Both India and Iran have warned of strong responses to the attacks, which they blame on militant networks based in Pakistan.
Kashmir attack on Indian paramilitary forces
Forty-four members of India’s paramilitary police were killed in a suicide car bomb attack in the disputed region of Kashmir on Thursday.
The Pakistan-based Islamist militant group Jaish-e-Mohammad (JeM) claimed responsibility for the attack, which was carried out by a 22-year-old man who was born in Indian Kashmir.
The group released a video that appeared to show the attacker condemning India for atrocities against Kashmiri Muslims.
In recent years, the Indian military has increasingly been accused of using excessive force and unlawful killings to curtail the insurgency in Kashmir, the country’s only Muslim-majority state.
Jaish-e-Mohammed militants previously stormed an Indian army camp in 2016, killing 20 soldiers. Weeks later, Indian Prime Minister Narendra Modi ordered “surgical strikes” on militant camps in the Pakistani side of Kashmir.
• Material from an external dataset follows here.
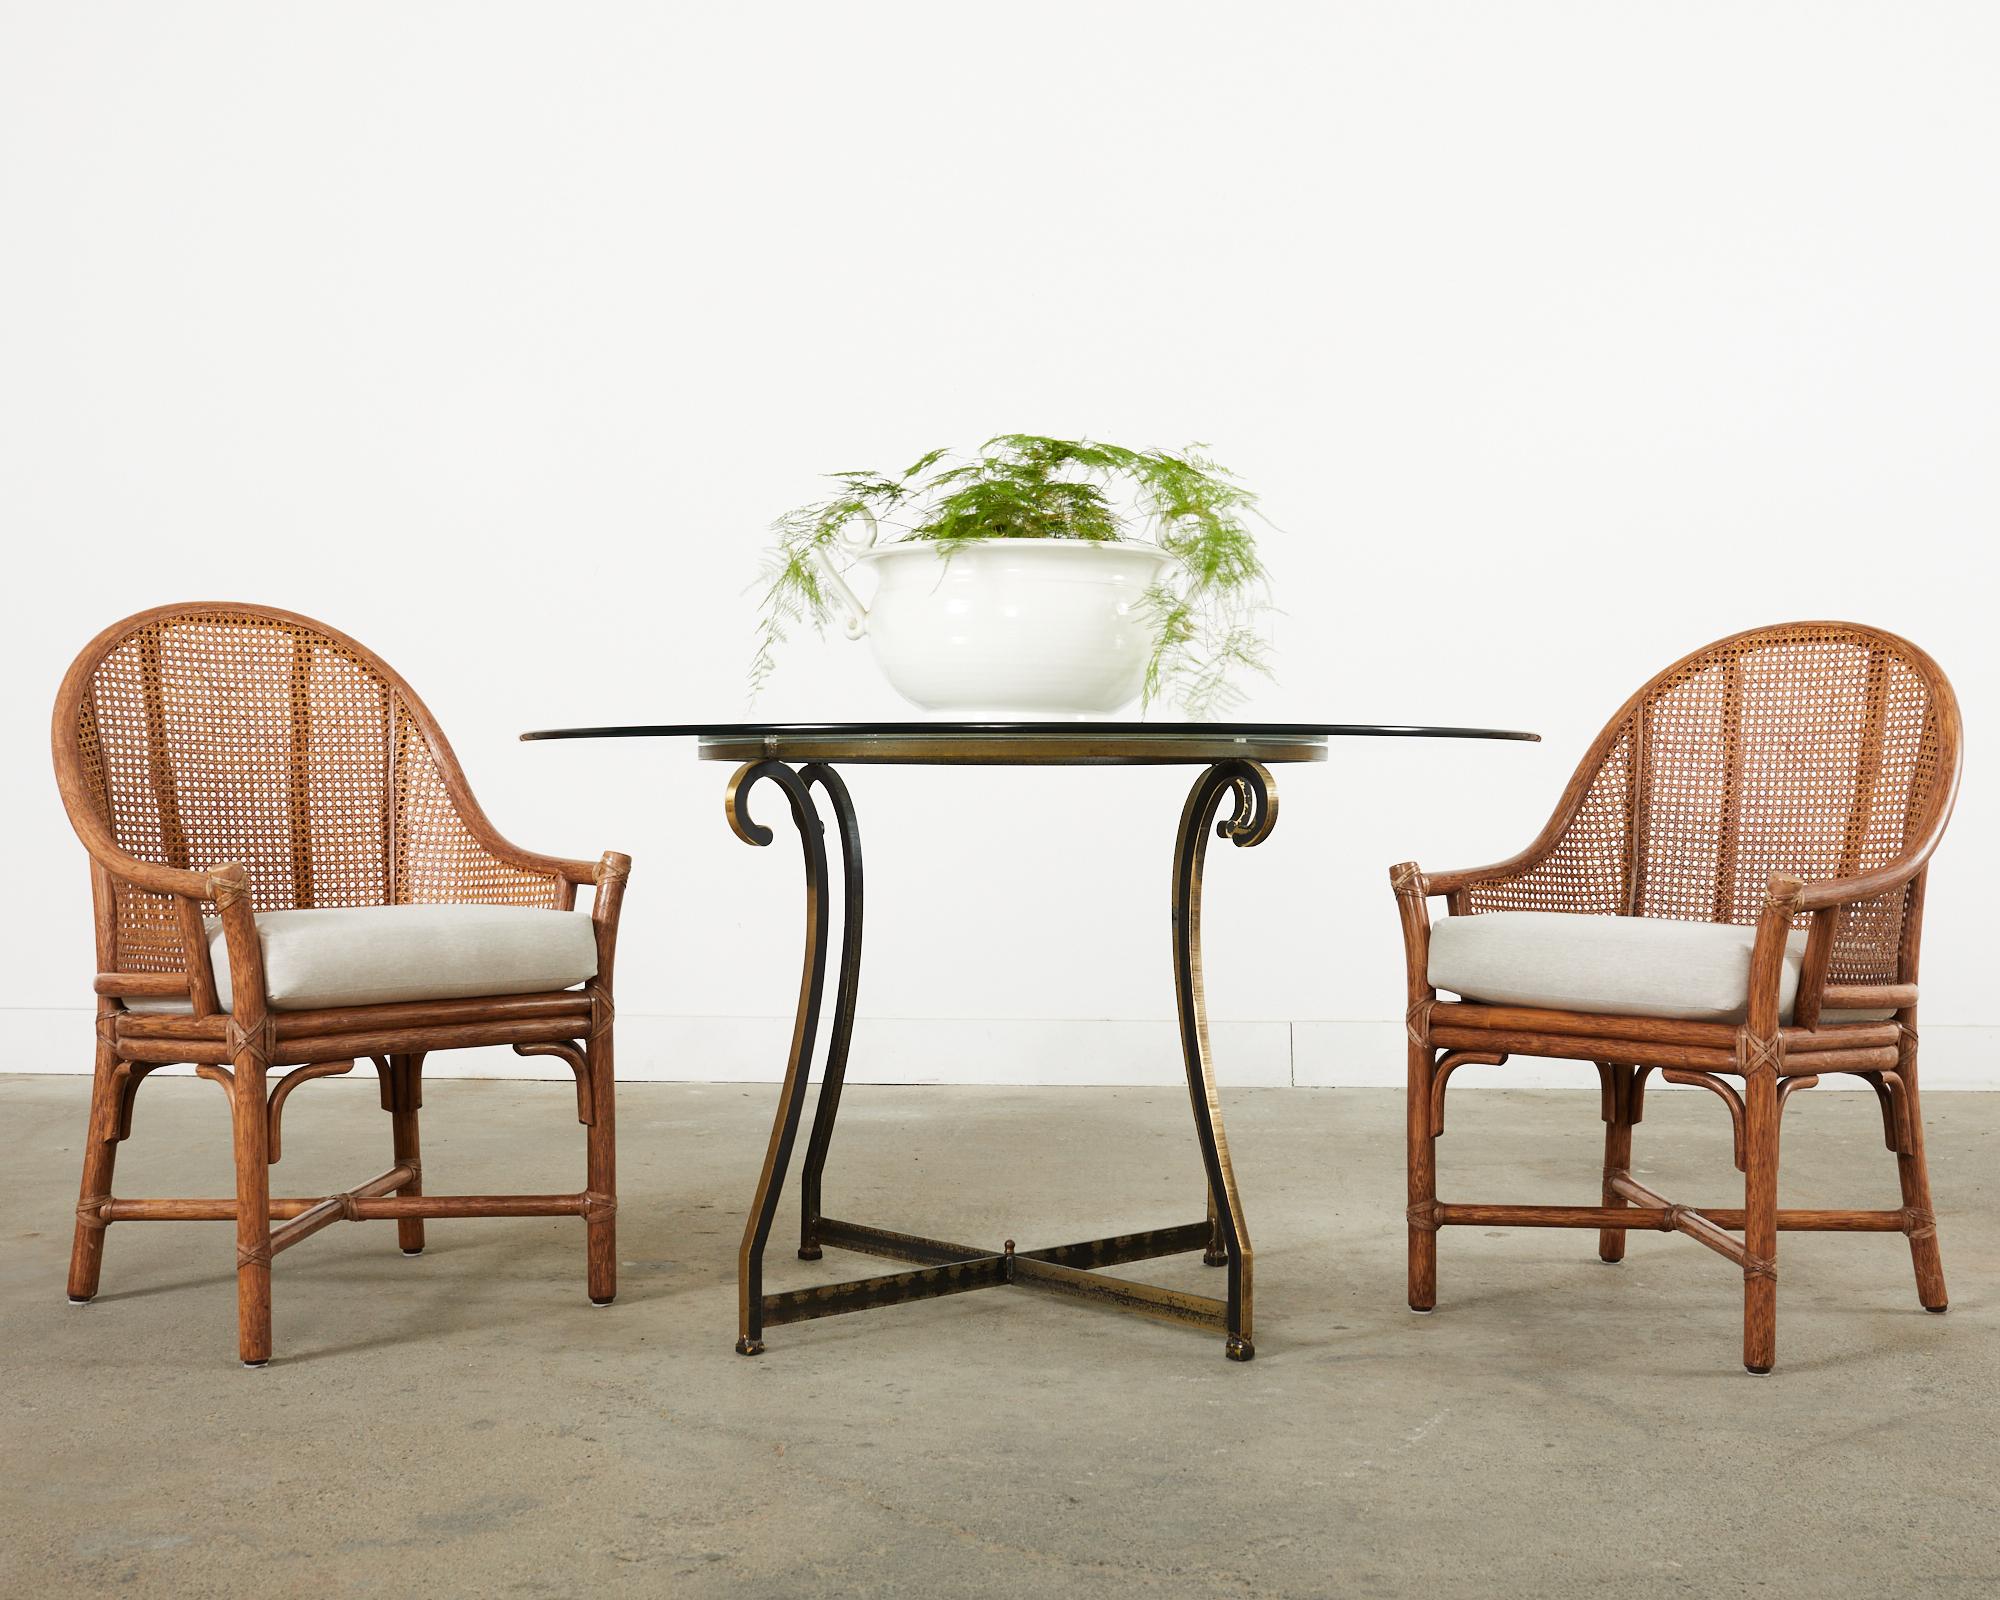 Gorgeous set of eight McGuire dining chairs known as Belden chairs. Made in the California coastal organic modern style featuring thick pole rattan frames with a barrel back form inset with honeycomb cane on the back and sides. The gracefully back

India has long accused Pakistan of sponsoring terrorist attacks by Jaish-e-Mohammed and other militant groups, with Pakistan’s Inter-Services Intelligence (ISI) suspected with helping create the group, as detailed by the Mapping Militants Project at Stanford University.
The group’s leader Masood Azhar remains at large in Pakistan, with the country refusing India’s demands to extradite him. Pakistan’s ally China has blocked India’s efforts to have Azhar designated a global terrorist at the United Nations Security Council.
Following Thursday’s attack, Modi said India would deliver a “befitting reply” to Pakistan, which has denied any involvement in the attack.
India responded by withdrawing trade privileges granted to Pakistan under World Trade Organization rules, the country’s Minister of Finance Arun Jaitley said. He added that diplomatic steps were being taken “to ensure the complete isolation from international community of Pakistan.”